Khorasan: The Eternal Battlefield... and the Bleeding Heart of Asia - Chapter 5
Amanollah Khan's ushered Afghanistan into a new era, but the situation was prone to extreme changes.
Amanollah Khan, Habibollah Kalakâni
After Amir Abdoll Rahman Khan's death in 1901, his son Habibollah Khan inherited his rule. Like his father, he remained a loyal servant of the British.
When Habibollah Khan was assassinated in 1919, his third son Amanollah Khan seized his father's throne. The circumstances behind this assassination were never clarified, but almost all historians suspect Amanollah of being behind the conspiracy.
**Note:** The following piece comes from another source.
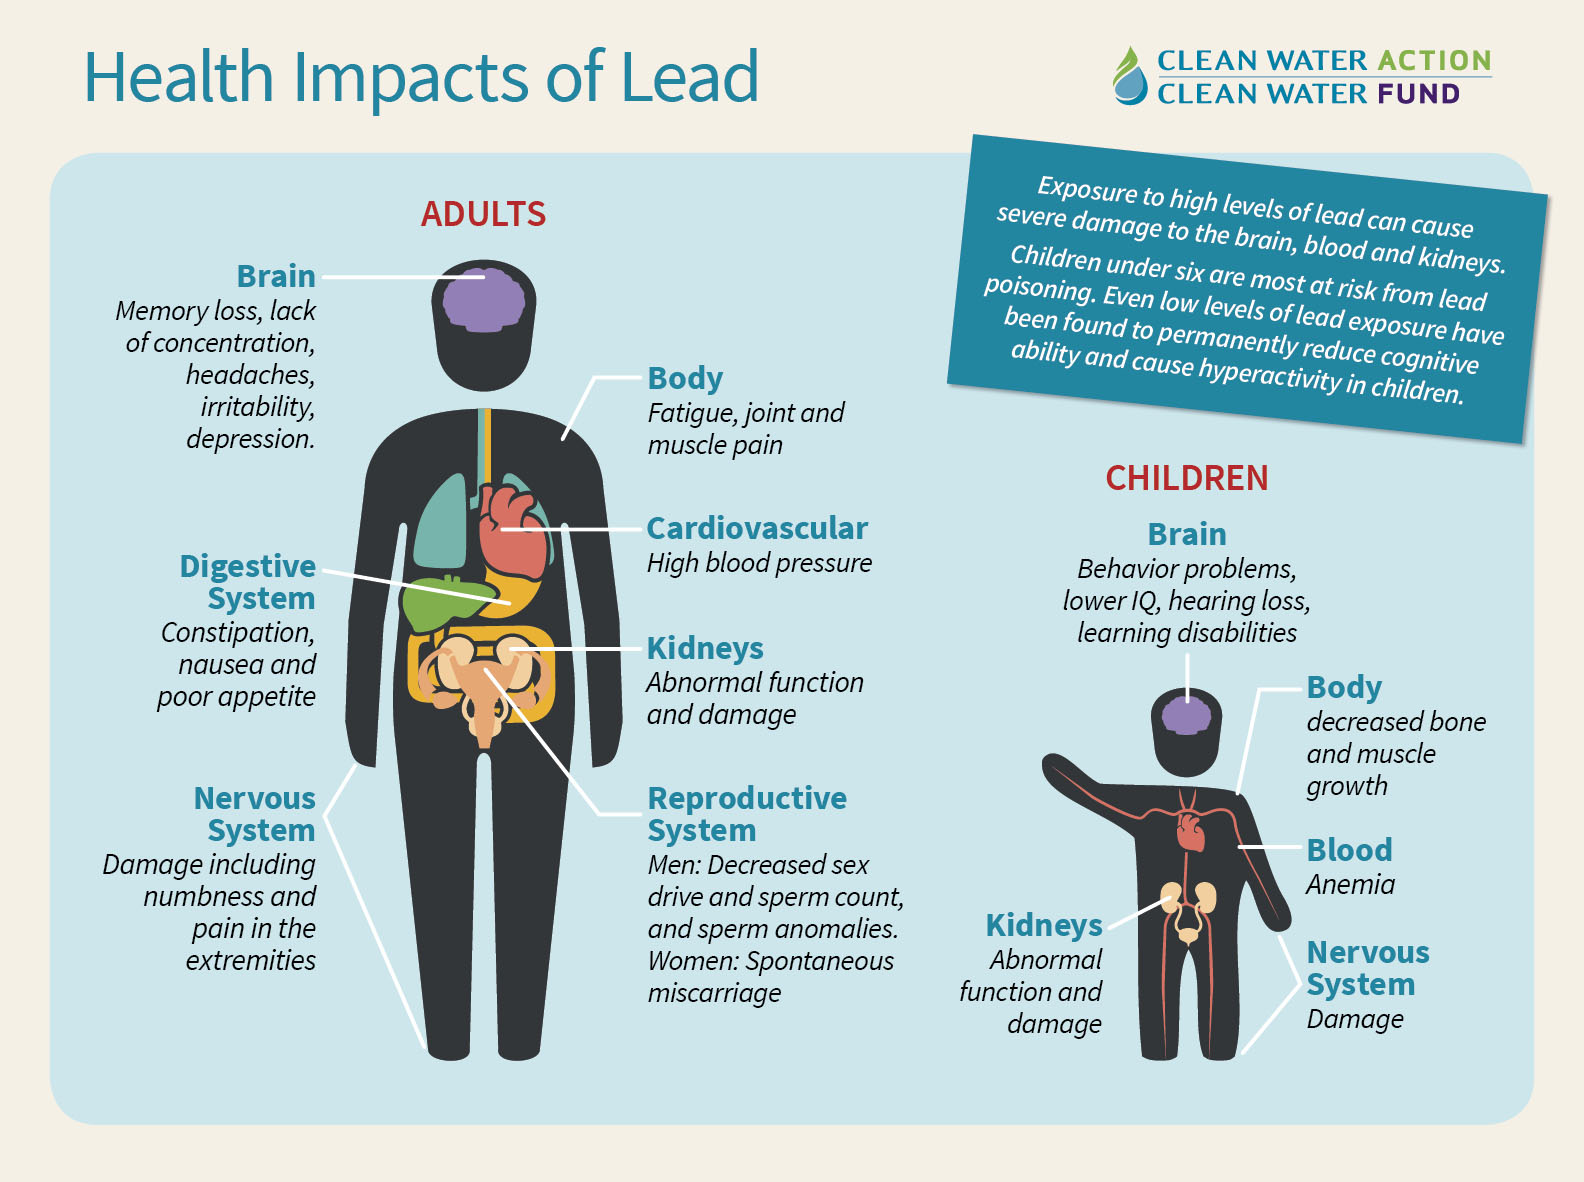 DrinkingWater_Health Impacts of Lead.jpg

After his inauguration as Amir of Afghanistan, Amanollah declared Afghanistan independent, triggering the third war against Britain. The outcome was the Treaty of Rawalpindi of 8 August 1919, in which the United Kingdom recognised the full independence of Afghanistan, while Afghanistan recognised the Durand Line between Afghanistan and British India. With this treaty, Amanollah was forced to accept the loss of some Afghan territory to Great Britain. Moreover, the name "Afghanistan" for the state and the country and the designation "Afghan" for all inhabitants of the country were finally validated internationally.
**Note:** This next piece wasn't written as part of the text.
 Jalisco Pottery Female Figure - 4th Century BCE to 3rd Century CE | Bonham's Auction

Amanollah's domestic and foreign policies were rife with contradictions.
On the one hand, Amanollah undertook important reforms to modernise Afghanistan along European lines (similar to his contemporaries Atatürk in Turkey and Reza Khan in Iran). He was intent on making up for the country's backwardness in the shortest possible time. He banned slavery and the wearing of the veil for women and launched significant projects to urbanise Afghanistan. Important steps were taken in the field of education. New, modern schools were founded; numerous pupils, both boys and girls, were sent abroad to study and further their education. It was also at this time that Afghanistan received its first constitution. These developments and projects were received with enthusiasm and goodwill by the young, educated and aspiring stratum of the mostly urban population, but met with rejection from the rural population (especially the conservative Pashtuns and particularly the feudal lords), which then manifested itself in the form of uprisings. Moreover, dubious figures from the British Indian Territory were appointed to important offices and functions of the polity. Influential khans and feudal lords, who saw their interests threatened by the new reforms, predictably began to resist... not to mention the clerical class, which was traditionally opposed to any reform or progress. Some Pashtun tribes, who had been exempt from taxes and military service in the past, pursued confrontation with the state when it sought to abolish their tax exemption.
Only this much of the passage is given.